The new alien looks pretty awesome imo...Cant wait to shoot one:teeth:


----------



## carolina cougar (Feb 7, 2005)

bows look great!--any reports-anyone shot any of the 2013 line up? any centershot tuning issues?


----------



## Heath cary (Dec 31, 2012)

*Martin*



Martin Archery said:


> Martin Archery is excited to announce our 2013 bow line-up. You will notice that we have taken all the stops out for this great line-up. These are some of the most exciting changing we have made in several year. We are sure you will love this new look and feel!
> 
> 2013martinarcherycatalog
> Download Catalog Here
> ...


I have a martin bengal pro I want to sale


----------



## bowtech dually (Mar 10, 2003)

Do not see that, it has always said machined from a solid block of 6061...but I believe it is still machined in 3 pieces and then assembled.


trkyslr said:


> Lime how the pro series has the one piece risers... Anyone notice that?! Martin looking good!


----------



## ATLurker (Jan 2, 2011)

What, no Martin Girls???


----------



## hphunter (Aug 23, 2010)

Question- why do people complain about a 3 piece riser w Martin when the spec sheet on almost all of the bows says solid aluminum riser?

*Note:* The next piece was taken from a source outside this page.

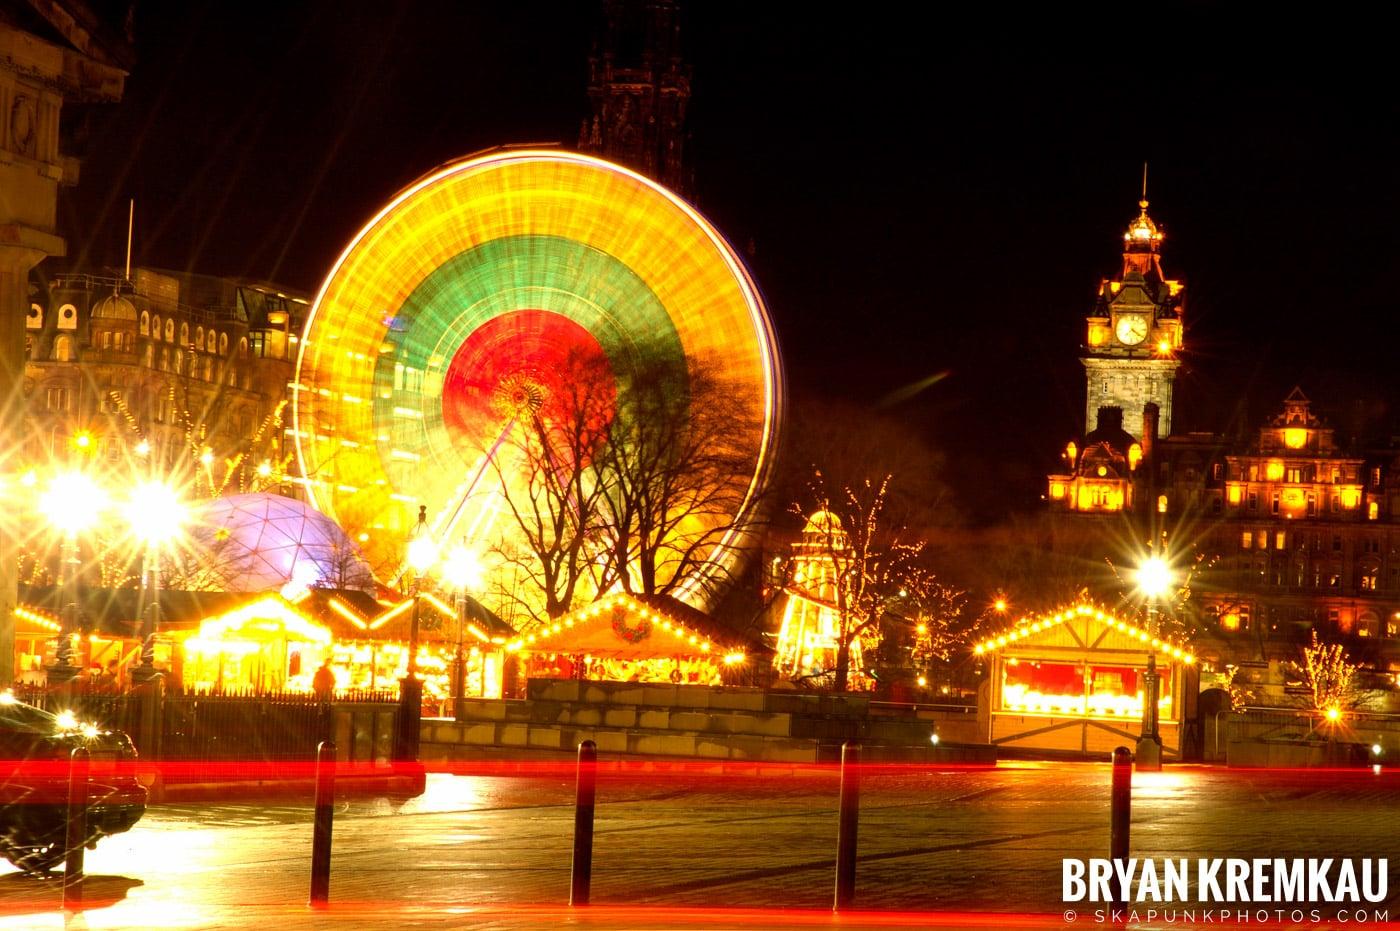 Edinburgh, Scotland - Day 1 - 12.12.06 (9)

I don't have a dealer near me and this has always kept me from trying one. 

The bows look great.


----------



## RT1 (Nov 20, 2006)

hphunter said:


> Question- why do people complain about a 3 piece riser w Martin when the spec sheet on almost all of the bows says solid aluminum riser?
> 
> I don't have a dealer near me and this has always kept me from trying one.
> 
> The bows look great.


the risers are fine and have never been a problem.
the new line shoots incredibly well. For sure there best line they have put out in years....maybe ever. Time will tell. I was flabergasted after shooting the linup.......Astounding is more like it.


----------



## grumpy413 (Nov 26, 2012)

When will the 2013 be for sale? I want a prowler in black


----------



## FemoralArchery (Dec 6, 2012)

They are available now.

You can order one, or wait for your shop to get some in. I can help with the first, your shop can help with the second.


----------



## andywhite (Nov 15, 2015)

Nice job.


----------



## trucker3573 (Feb 14, 2010)

Hey Andy please stop bringing ancient threads to the top of the list man...lol. You have done this to numerous old dead threads.


----------